At this month's meeting, a so-called mechanical update of the September forecast was conducted, indicating that the inflation rate will return to the sustainable 2% target by the second quarter of 2025 at the latest.
The market may interpret the abandonment of restrictive guidance as a signal for further rate cuts. Lagarde herself referred to this phrase as "magical language" and stated that even minor changes would be closely watched by observers.
The debate also revolves around the majority of officials' views on the neutral interest rate — an uncertain level of interest rates that neither suppresses nor stimulates growth.

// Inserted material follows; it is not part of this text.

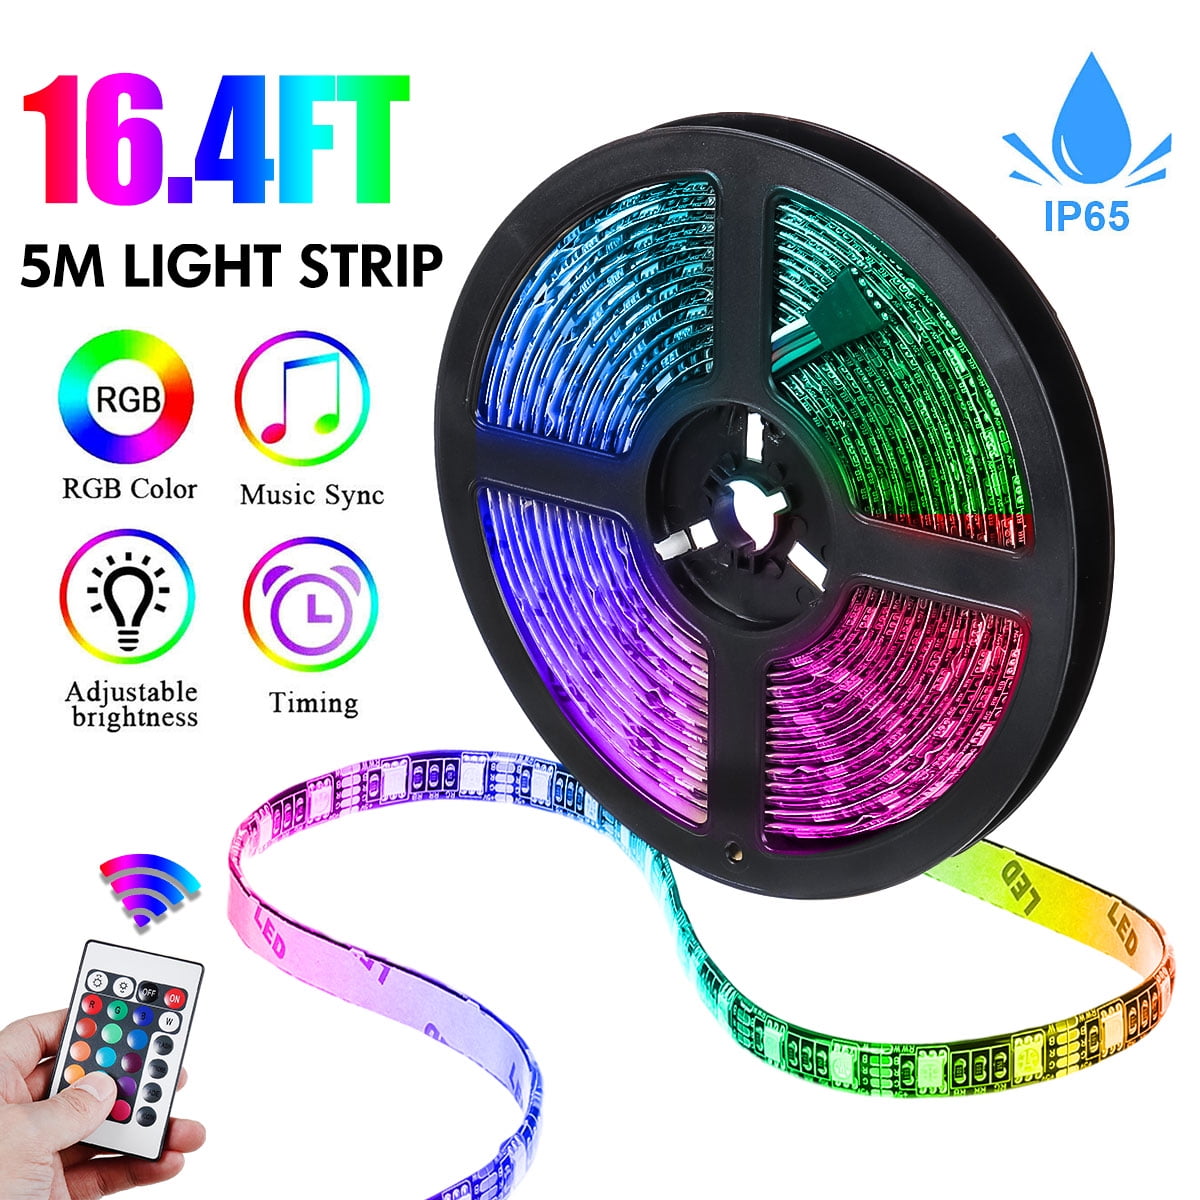 Party Google Home Brighter 5050 LED 16 Million Colors Phone App Controlled Music Light Strip for Home for iOS and Android Smart WiFi LED Strip Lights Compatible with Alexa Kitchen TV

While some policymakers are still reluctant to discuss this issue publicly, others have become more outspoken. Portugal's Centeno stated that he believes this rate is "at 2% or slightly below 2%," while Bank of Finland Governor Olli Rehn estimates that this rate will be between 2.2% and 2.8%.
Discussions on wording may also involve the "meeting by meeting" approach, with some policymakers fearing that it might wrongly imply that the ECB does not know where it is heading, while others remain satisfied with this term.
Quantitative tightening could also become a focus of debate in the Governing Council. The ECB has been shedding most of the bonds in its policy portfolio that are gradually maturing and plans to stop all reinvestments this year.
If these plans are adhered to, the central bank may soon find itself in a situation where it eases financing conditions through rate cuts while tightening them by drawing liquidity out of the market.
Those who support continuing quantitative tightening (QT) behind the scenes argue that reducing bond holdings has a minimal impact on the policy stance, and it is also done to create space for purchases in potential future crises. Meanwhile, those who scrutinize the bond market for stress points insist that interest rate decisions must compensate for any tightening that occurs, no matter how significant it is.
To some extent, it is easier to reach a consensus on how to communicate when the ECB has clear forward guidance or no guidance at all. The next phase will shift towards what Banque de France Governor François Villeroy de Galhau refers to as soft signals — leaving more room for pushes and pulls in opposite directions.During his speech in New York, he stated: "We have returned to a 'normal' inflation state, and our response mechanisms should be more 'forward-looking', with greater confidence in forecasts and less reliance on monthly preview data."